JEERS to unusual reactions. Maine‘s senior senator Susan Collins says that the first thought that popped into her noggin final Wednesday afternoon, when the revolt started, was that “the Iranians had adopted by means of on their menace to strike the Capitol.” Wow—that is like leaping from A to Z in a single sure whereas skipping B by means of Y.  However, to be honest, I can truly perceive why she’d suppose that and get confused. In spite of everything, the Republican terrorists’ actions have been screaming “Loss of life to America.”

CHEERS to discus lite.  Wham-O started producing the “Frisbee” 64 years in the past right this moment.  Ever surprise where the name comes from?

The Frisbie Baking Firm (1871-1958) of Bridgeport, Connecticut, made pies that have been offered to many New England schools. Hungry faculty college students quickly found that the empty pie tins might be tossed and caught, offering infinite hours of sport and sport.

A Frisbee from the‘76 Democratic conference.

Many schools have claimed to be the house of ‘he who was first to fling.’ Yale Faculty has even argued that in 1820, a Yale undergraduate named Elihu Frisbie grabbed a passing assortment tray from the chapel and flung it out into the campus, thereby changing into the true inventor of the Frisbie and successful glory for Yale. That story is unlikely to be true for the reason that phrases ‘Frisbie’s Pies’ was embossed in all the unique pie tins and from the phrase ‘Frisbie’ was coined the frequent identify for the toy.

Frisbees remind me of the Republican celebration: Light-weight, logic as contorted as a no-look reverse-flick backhanded corkscrew air bounce, and the one factor maintaining them aloft is spin.

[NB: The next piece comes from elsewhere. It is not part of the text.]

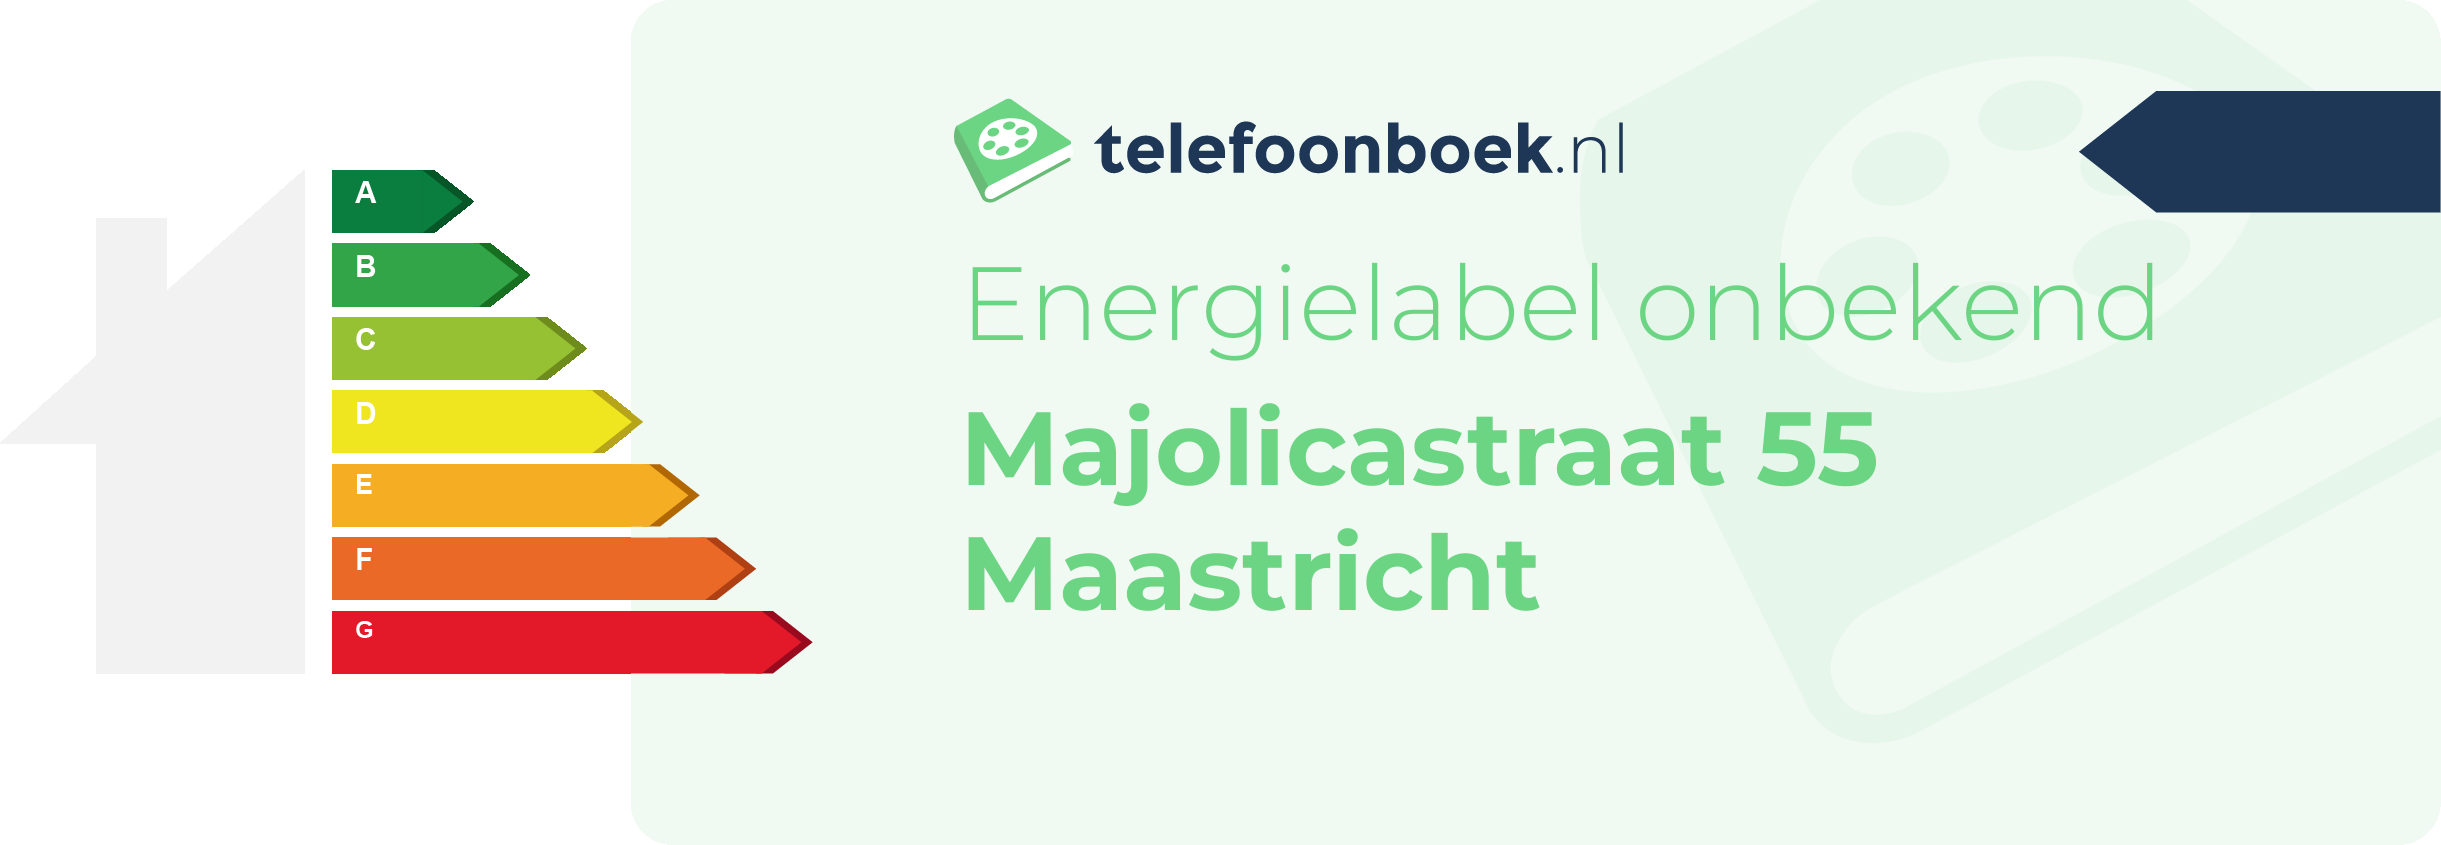 Energielabel Majolicastraat 55 Maastricht

Ten years in the past in C&J: January 13, 2011

JEERS to odd departures.  A Republican district chairman in Arizona is calling it quits due to vitriol coming from his personal facet.  In saying his choice, Anthony Miller cited “threats from the Tea Celebration,” a bunch that apparently does not discover him radical or irrational sufficient for his or her liking.  Miller says he needs to spend extra time together with his household.  Alive.  [1/13/21 Update: A reminder that the GOP has been the party of violent whackadoos, who have no problem threatening their own leaders, for a long time.]

And only one extra…

CHEERS to naming rights. Misplaced in all of the hoopla about trivial points like—[Reads notes off hand]—World Struggle III, the immolation of Planet Earth, and Republicans’ ongoing effort to throw America into the bathroom and flush 15 instances, is probably the most urgent difficulty of our technology: what mother and father are naming their spawn, in fact.  So enable me, through babycenter.com, to terminate the suspense: the preferred boy names of 2020 have been Liam, Noah, Jackson and Aiden. Prime lady names have been Sophia, Olivia, Riley, and Emma. I went by means of a interval of confusion after I was younger, due to my mother and pop. For the primary eighteen years of my life I assumed my final identify was Billy and my first identify was Dammit.

Have a cheerful humpday. Ground’s open…What are you cheering and jeering about right this moment?

At the moment’s Shameless C&J Testimonial

“There may need been a time when Invoice in Portland Maine’s Cheers and Jeers might masks the truth that he is an empty bathroom ready to be full of shit, simply to offer it objective, however that point has handed.”